If you’re investing in a company where growth depends on influencing buyers inside health systems or payer organizations, and your plan is based on expanding topline performance, then you need someone who’s built that system before. Not just advised on it or staffed a workshop—actually built and run it.

What this shift looks like in practice

Let’s say you’ve just acquired a digital health solution that’s selling into mid-sized hospital systems. The commercial plan calls for 30% YoY growth through net-new logos, plus some upsell within the existing customer footprint. On paper, that looks achievable. But what does the execution look like?

In a PE 2.0 model, you might look at sales rep productivity and make some hires. You might reduce customer support headcount to bump margins. You might bring in a sales trainer or restructure compensation plans.

In a PE 3.0 model, you’d look at whether the segmentation strategy matches actual buyer behavior. You’d validate whether the pricing model reflects value perception for CFOs and CIOs alike. You’d audit the handoff between sales and customer success to see if churn risk is quietly killing lifetime value.

It’s not about “working harder”—it’s about working on the right system. In many health technology companies, the revenue problem isn’t about headcount—it’s that the GTM strategy never made it off the slide deck and into a market-tested selling program.

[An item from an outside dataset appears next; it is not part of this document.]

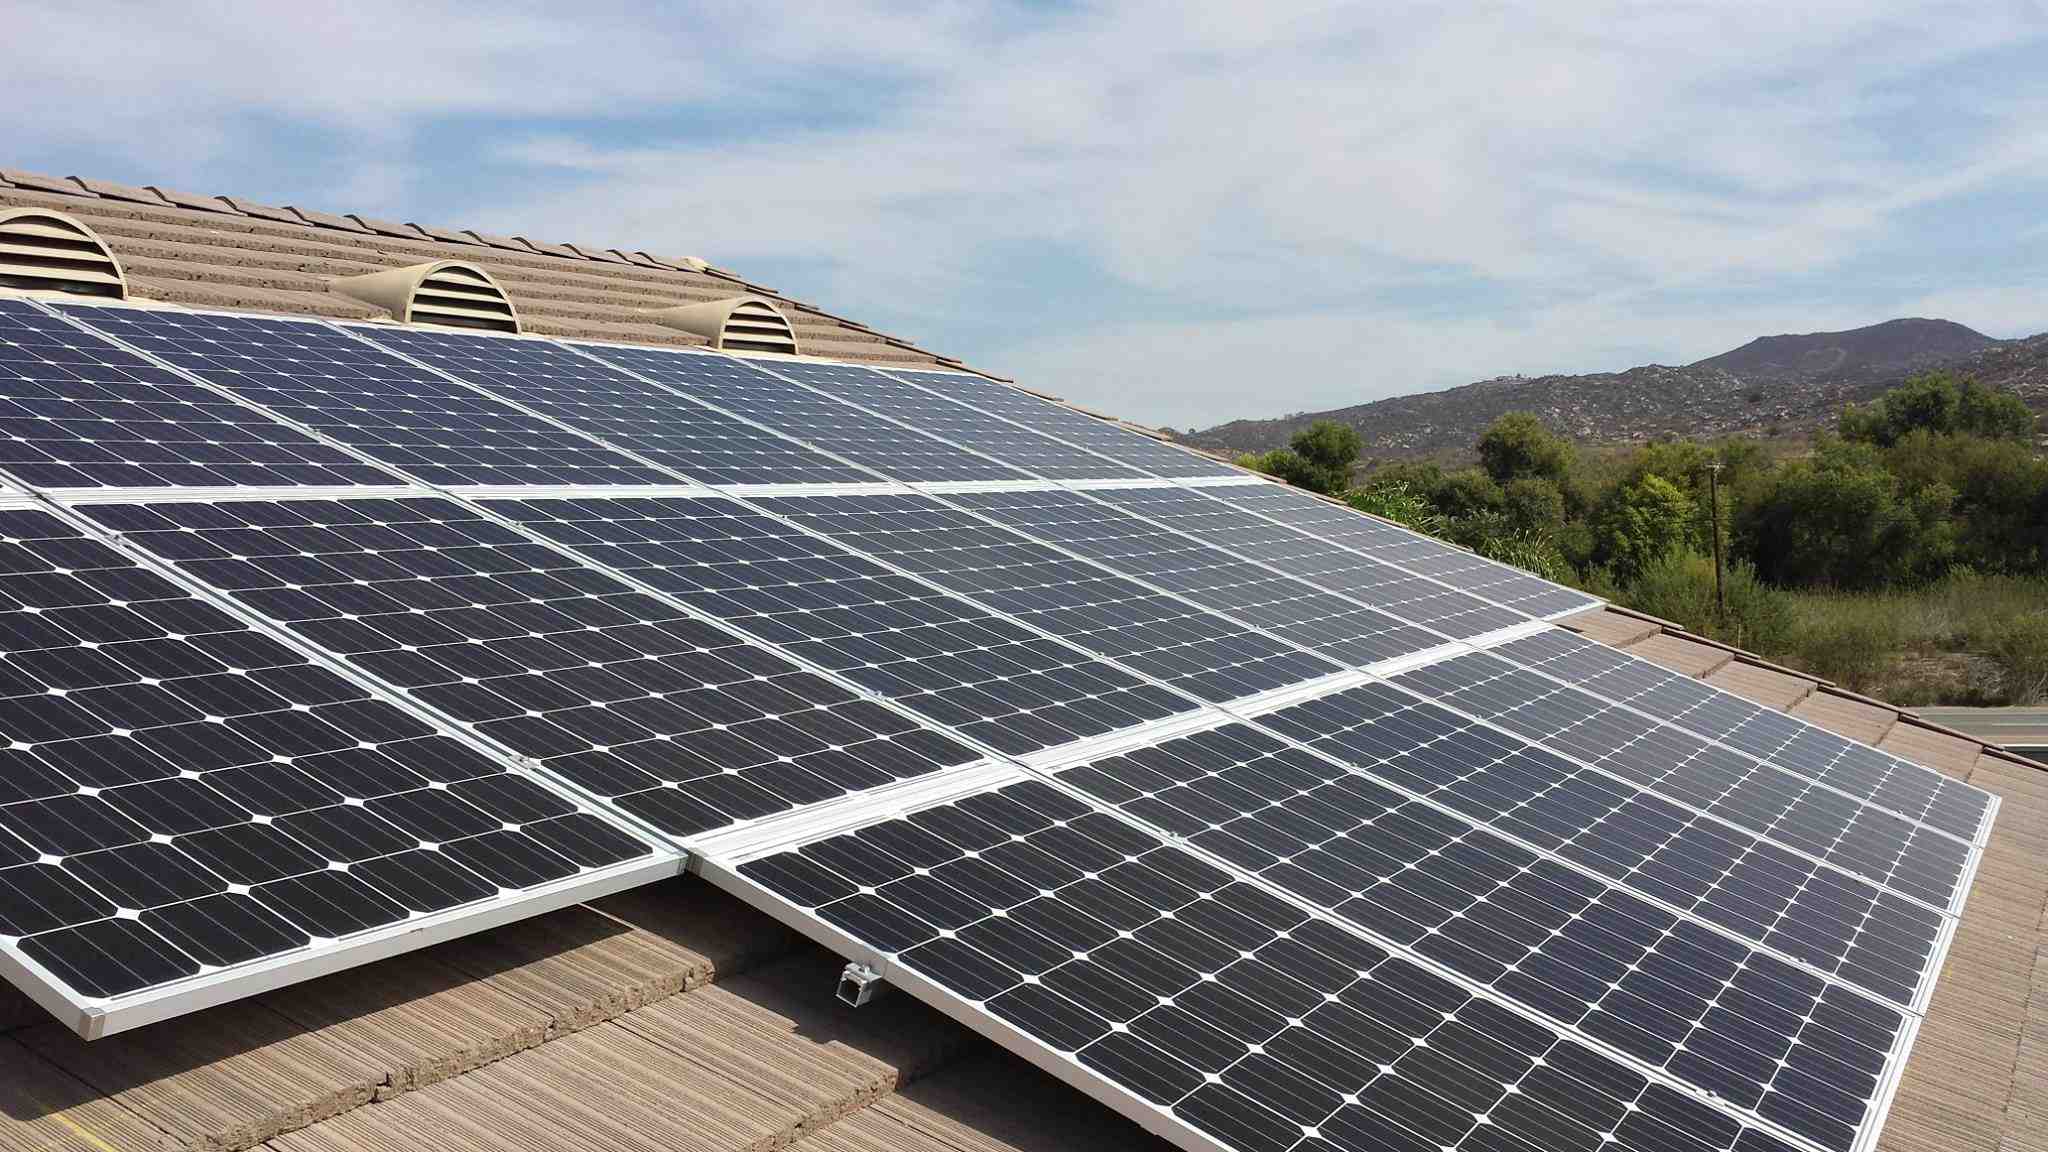 How much does it cost to install a 5kW solar system?

Here’s how that can show up:

AssumptionReality
Sales cycle is 6 monthsActual time to close is 12–18 months with an RFP process
CAC will drop with scaleCAC increases as ICP definition gets fuzzier
Pricing reflects valueBuyers are budgeting against cost-center benchmarks, not necessarily longer-term outcomes

These gaps don’t get solved by another deck or a new VP. They get solved by operators who can translate commercial vision into executable systems, especially in regulated, high-friction environments like healthcare.

What this means for investors

If you’re leading a deal or supporting a healthcare portfolio company, you’ve probably already seen the shift. Financial plays are delivering less. Operating plays are delivering more—when they’re done right.

That doesn’t mean the deal team gets sidelined. It means the value creation thesis has to include someone who knows how to grow revenue in a market that’s built to slow things down by design.

In my work, I partner with PE and VC firms to support their portfolio companies with healthcare-specific GTM execution. That includes diagnosing friction in the current motion, rebuilding the revenue model if needed, and supporting the team so the plan actually gets off the ground.

Because in PE 3.0, it’s not just about seeing the opportunity. It’s about building the machine that captures it.